[LU-13976] duplicate IB_WR_LOCAL_INV causing ice driver failure (RoCE/iWarp) Created: 22/Sep/20 Updated: 23/Mar/22 Resolved: 23/Mar/22 |
|
| Status: | Resolved |
| Project: | Lustre |
| Component/s: | None |
| Affects Version/s: | Lustre 2.12.5 |
| Fix Version/s: | None |
| Type: | Bug | Priority: | Major |
| Reporter: | James Erwin | Assignee: | WC Triage |
| Resolution: | Duplicate | Votes: | 0 |
| Labels: | None | ||
| Environment: |
RHEL 8.1, Intel Corporation Ethernet Controller E810-C, iwarp or RoCE mode |
||
| Issue Links: |
|
||||||||
| Severity: | 3 | ||||||||
| Rank (Obsolete): | 9223372036854775807 | ||||||||
| Description |
|
During lnet_selftest read > 4K (write works without this issue), the ice driver detects a duplicate IB_WR_LOCAL_INV on the same key and the test fails. We also cannot mount a file system over Lustre because of this issue. We instrumented o2iblnd.c and the irdma driver and found the duplicate IB_WR_LOCAL_INV:
In this example below, skl01 is the client and skl02 is the server during a lst read operation.

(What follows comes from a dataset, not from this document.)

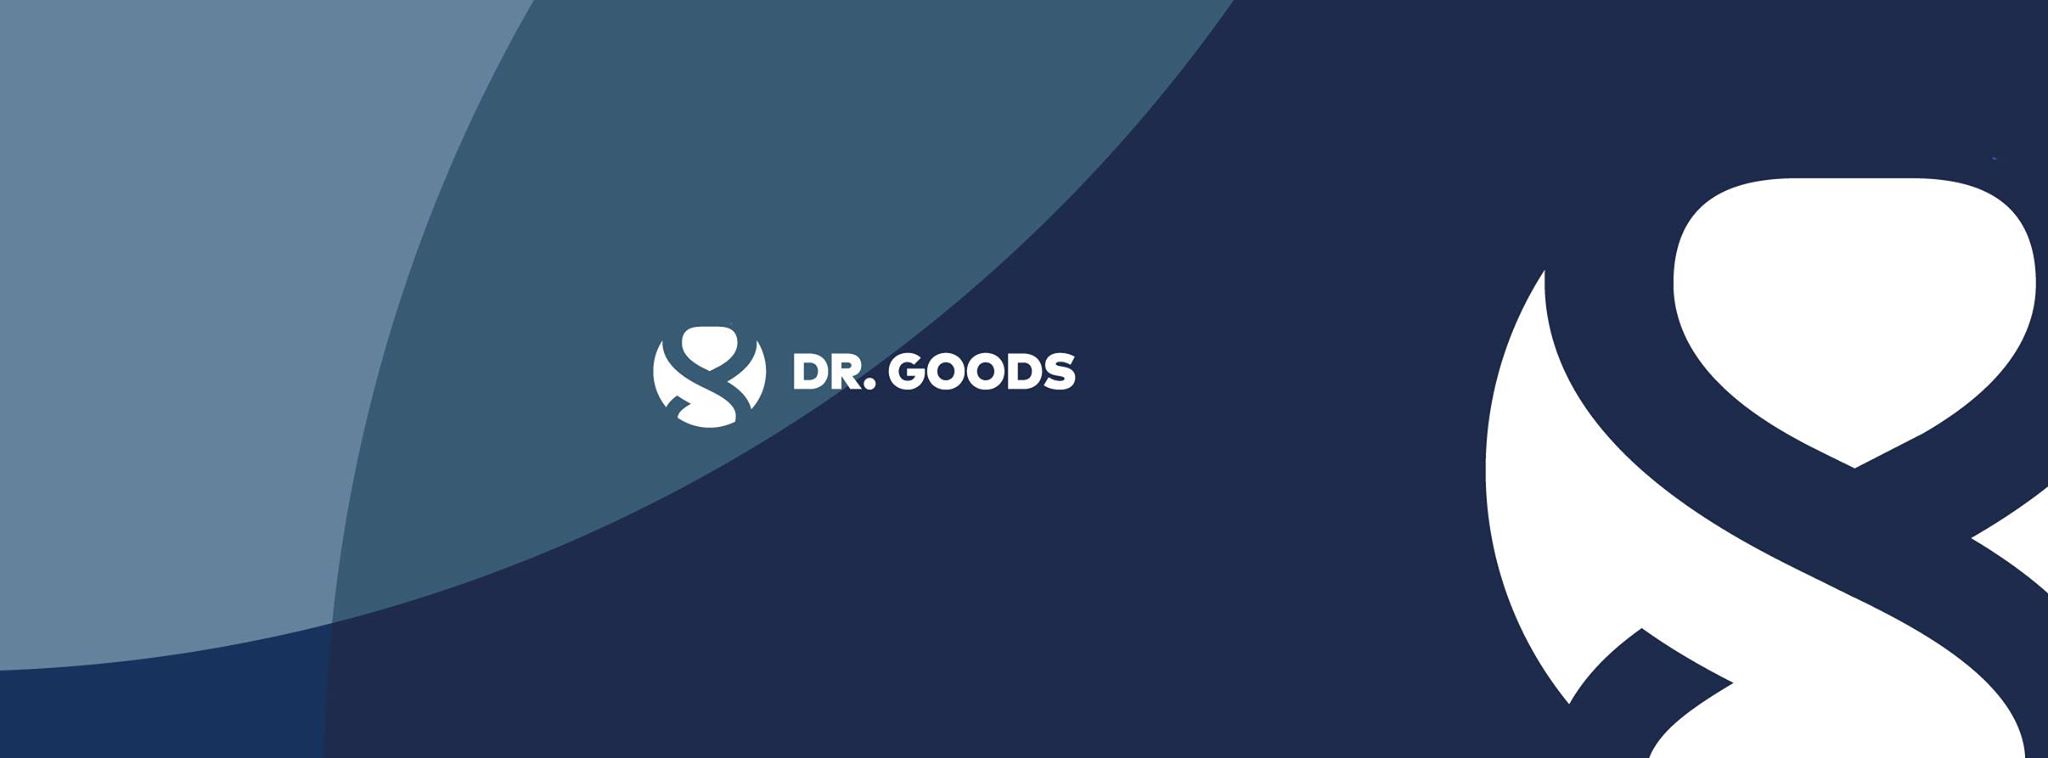 სიუჟეტი “დოქტორ გუდსი/Dr. Goods”-ის ოფიციალური გახსნის შესახებ

skl01, irdma trace: [Mon Sep 21 10:11:42 2020] MKI-irdma_create_stag: returning stag = 0xb16f427b [Mon Sep 21 10:11:42 2020] LNet: Added LNI 192.168.1.1@o2ib [Mon Sep 21 10:14:06 2020] MKI-IB_WR_LOCAL_INV rkey = 0x8e89e91b [Mon Sep 21 10:14:06 2020] MKI-IB_WR_REG_MR: ib_wr->wr_id=0x4, reg_wr(ib_wr)->key=0x8e89e91c, info.stag_key=0x1c, info.stag_idx=0x8e89e9 [Mon Sep 21 10:14:08 2020] ice 0000:18:00.0: abnormal ae_id = 0x50a bool qp=1 qp_id = 6 [Mon Sep 21 10:14:08 2020] LNetError: 4268:0:(o2iblnd_cb.c:3676:kiblnd_qp_event()) 192.168.1.2@o2ib [Mon Sep 21 10:14:08 2020] LustreError: 47768:0:(brw_test.c:344:brw_client_done_rpc()) BRW RPC to 12345-192.168.1.2@o2ib
skl01, Lustre trace:
skl02, irdma trace: [Mon Sep 21 10:11:42 2020] MKI-irdma_create_stag: returning stag = 0x968276e9 [Mon Sep 21 10:11:42 2020] MKI-irdma_create_stag: returning stag = 0xd477355c [Mon Sep 21 10:11:42 2020] LNet: Added LNI 192.168.1.2@o2ib [Mon Sep 21 10:14:06 2020] LNet: 36382:0:(rpc.c:612:srpc_service_add_buffers()) waiting for adding buffer [Mon Sep 21 10:14:06 2020] MKI-IB_WR_LOCAL_INV rkey = 0x31172601 [Mon Sep 21 10:14:06 2020] MKI-IB_WR_REG_MR: ib_wr->wr_id=0x4, reg_wr(ib_wr)->key=0x31172602, info.stag_key=0x2, info.stag_idx=0x311726 [Mon Sep 21 10:14:06 2020] MKI-IB_WR_LOCAL_INV rkey = 0x31172601 [MKI] This key was already invalidated [Mon Sep 21 10:14:06 2020] MKI-IB_WR_REG_MR: ib_wr->wr_id=0x4, reg_wr(ib_wr)->key=0x31172602, info.stag_key=0x2, info.stag_idx=0x311726 [Mon Sep 21 10:14:06 2020] ice 0000:18:00.0: abnormal ae_id = 0x106 bool qp=1 qp_id = 4 [Mon Sep 21 10:14:06 2020] LNetError: 36497:0:(o2iblnd_cb.c:3676:kiblnd_qp_event()) 192.168.1.1@o2ib [Mon Sep 21 10:14:07 2020] MKI-IB_WR_LOCAL_INV rkey = 0x76b95769 [Mon Sep 21 10:14:07 2020] MKI-IB_WR_REG_MR: ib_wr->wr_id=0x4, reg_wr(ib_wr)->key=0x76b9576a, info.stag_key=0x6a, info.stag_idx=0x76b957 [Mon Sep 21 10:14:07 2020] LNet: 36261:0:(o2iblnd_cb.c:413:kiblnd_handle_rx()) PUT_NACK from 192.168.1.1@o2ib
skl02, Lustre trace:
[Mon Sep 21 10:14:06 2020] MKI-IB_WR_LOCAL_INV rkey = 0x31172601 [Mon Sep 21 10:14:06 2020] MKI-IB_WR_REG_MR: ib_wr->wr_id=0x4, reg_wr(ib_wr)->key=0x31172602, info.stag_key=0x2, info.stag_idx=0x311726
The next line below is duplicate as rkey = 0x31172601 is already invalidated above. So, we think this should have been 0x31172602, that would avoid invalidating an already invalidated key, and also doing a duplicate REG_MR on the same key. Is there something else doing an invalidate somewhere in the code?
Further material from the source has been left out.